“No!” Zelda shouted. “I have more I wish to say.”
The witch stopped, his hands outstretched, and he looked to Delphine. Her eyebrow went up, and she nodded to the witch, who returned to his seat. “You are always free to speak, Zelda.”
“I want to stay with Melasina Cormier,” Zelda said clearly. “I prefer to be with the members of our coven rather than locked away in a crypt. I am always available to the leadership for anything they might need but I request that my resting place be one that I find more pleasing.”
“No,” Talia rose again. “This is not right! She’s a necromancer! The daughter of a filthy necromancer! How do none of you see it?” She threw her hands in the air.
“I would like to speak,” Jasper said.
Delphine frowned. “Is there anyone who doesn’t wish to speak at this very moment?”

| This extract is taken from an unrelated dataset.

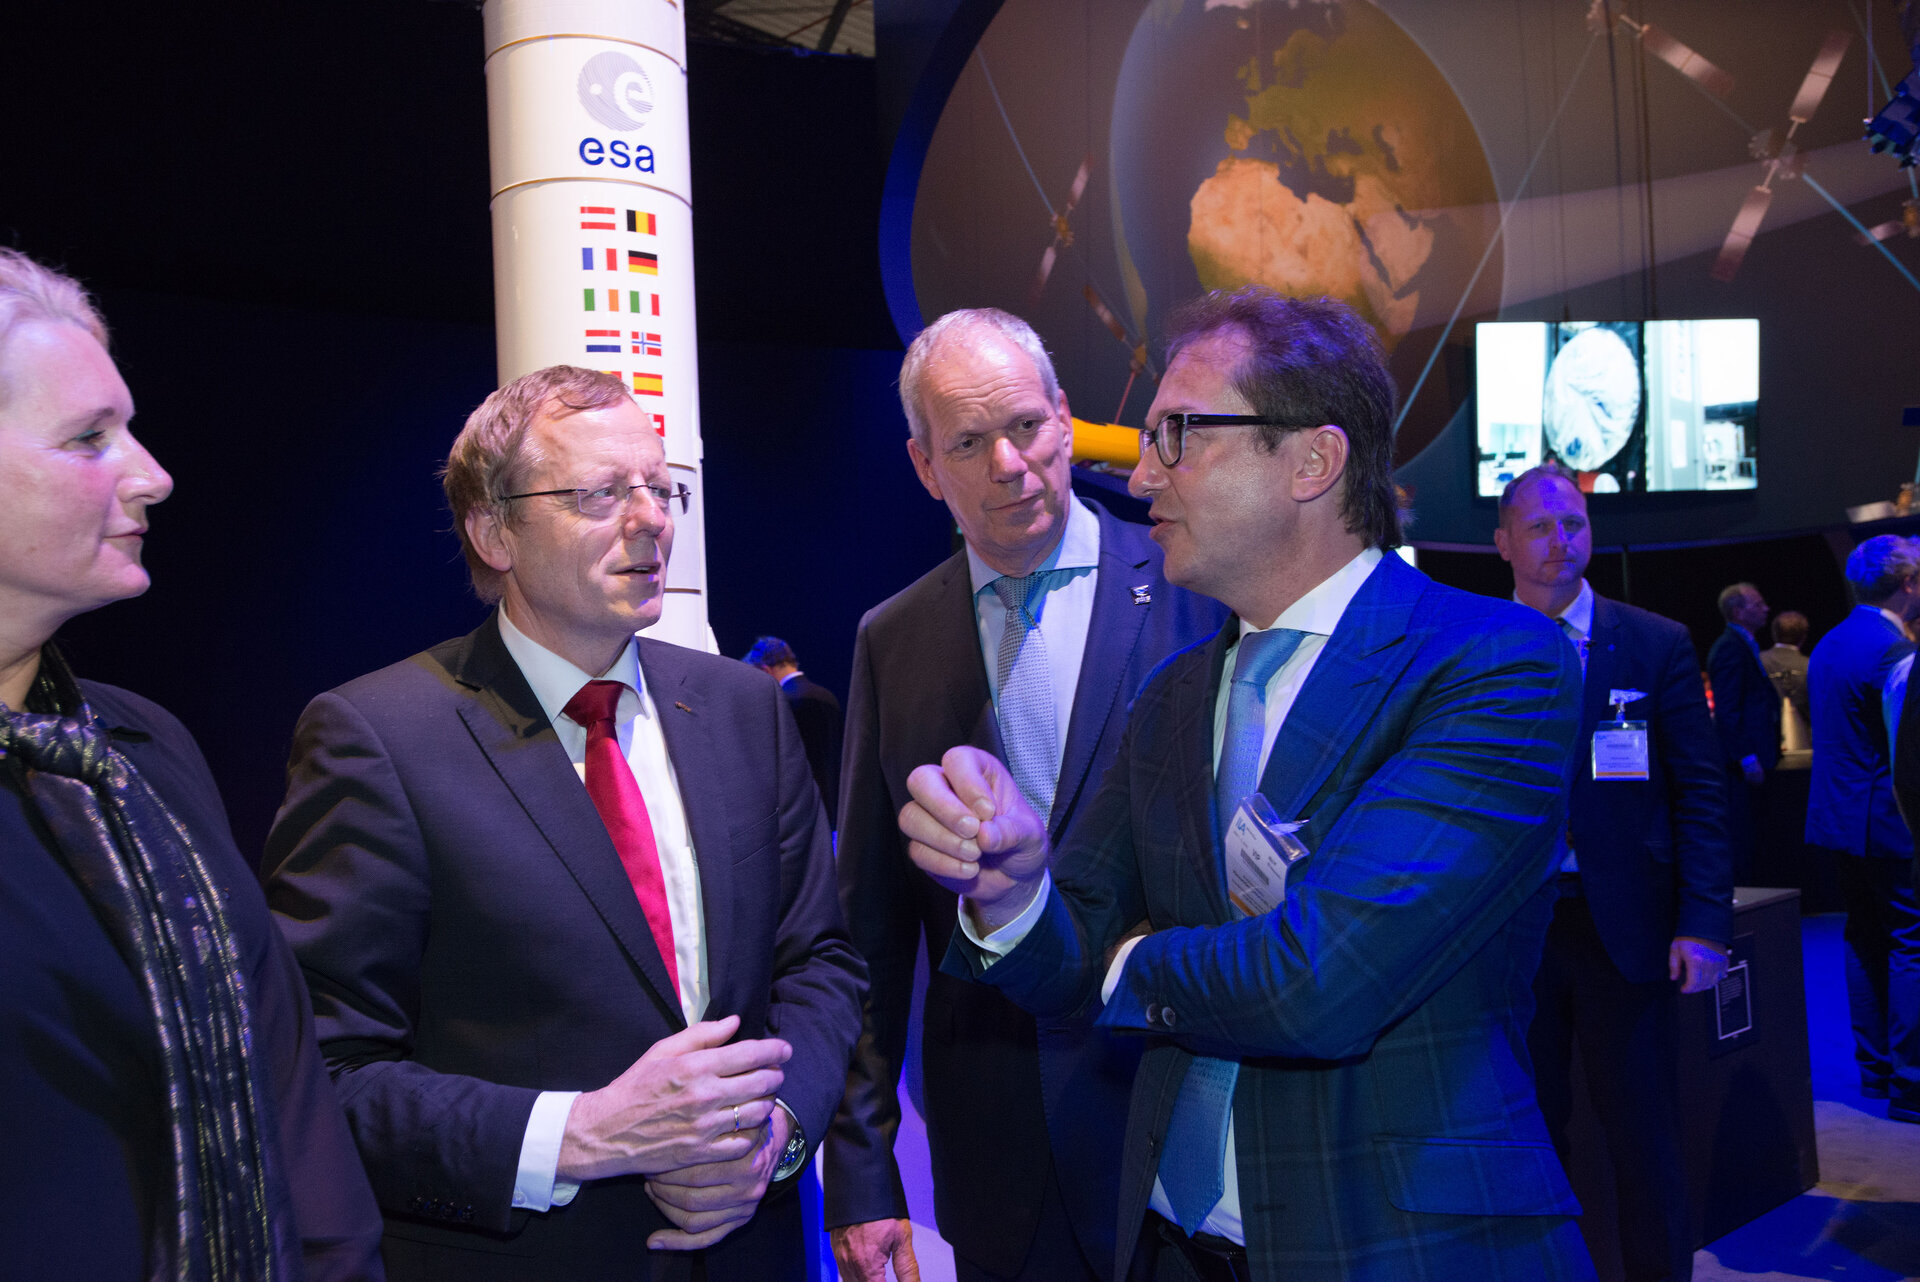 Minister Alexander Dobrindt visits the ‘Space for Earth’ pavilion

Wisely, everyone remained silent.
She sighed. “What is it you feel you must say, Jasper?”
“I would like to refute Talia’s claims,” Jasper strode to the center of the room, standing about a foot from me. “We did, as she says, see Sariah Cormier seeking a corpse from a grave. And Sariah was exiled. But she is not dead. And Talia knows it.”
“He is mad,” Talia spat, crossing her arms.
Jasper looked to the left, and the hooded figure that was sitting next to him stood, and drew back the hood.
“I am Sariah Cormier,” my mother said in a soft voice. “And I’m very much alive.”
There was a moment of silence, and then the room burst into noise so loud that I wanted to cover my ears. But I only had eyes for my mother.
She stepped out from the second row of seats and came over to me. “Is it really you, Mellie?” she asked softly.
I took her outstretched hands in my own. “Is it really you?”
Tears fell down her cheeks as she nodded.
“How?” I asked.
“Jasper found me,” she said, turning to smile at Jasper.
“Jasper, explain yourself,” Delphine said loudly.
I pulled my mother close, putting my arm around her waist and standing over Zelda’s reliquary. The feeling in the room was high, and I didn’t want her getting knocked around or stepped on.
“Well, I didn’t see that coming,” Zelda said. “Is that really Momma Grave Digger?”
“Zelda!” I said. “Not the time!” I looked up to see Delphine watching me, rather than Jasper. I smiled, hoping I wasn’t making my situation worse.
“I found notes in the Cormier file,” Jasper was saying. “Initially, I had no doubts of Sariah’s guilt. I followed her that night. I saw her,” he looked over to me, and I could see the apology in his eyes.
He’d seen her? He followed her? He’d said that before, but his words sunk in now.
“But in the last three years, there have been two reports of witches in our coven who felt they saw Sariah in Arkansas. Both were dismissed, with no reports of follow-up. I also found an address in the back of the file. In Arkansas.” The room went still.
“I asked Talia about it, and she claimed no knowledge. So I went to Arkansas, and found Sariah Cormier, living at the address listed in the file. When I found Sariah, she didn’t recognize her name. I convinced her to come back with me, since my magic is still not working correctly and asked a friend to search her memory, to see if she’d been living under a spell. And she was. A spell put on her by Talia Dumond.”
“What? You’d believe that filthy woman over me?” Talia shouted. “What in the world would I gain by casting a spell over her?”
“It wasn’t what you gained,” Mom said. “It was about taking away from me. You wanted Marshall. But he chose me. And even after ten years, after we’d built a life, had a child together, you couldn’t let it go.”
“What are you inferring, Sariah?” Delphine asked.
“I’m not inferring anything. I’m stating a fact. Talia Dumond used magic against me. She enchanted me so that I would behave in a manner that would insure my exile. And then she took my memory, and let my husband and daughter believe that I was dead.”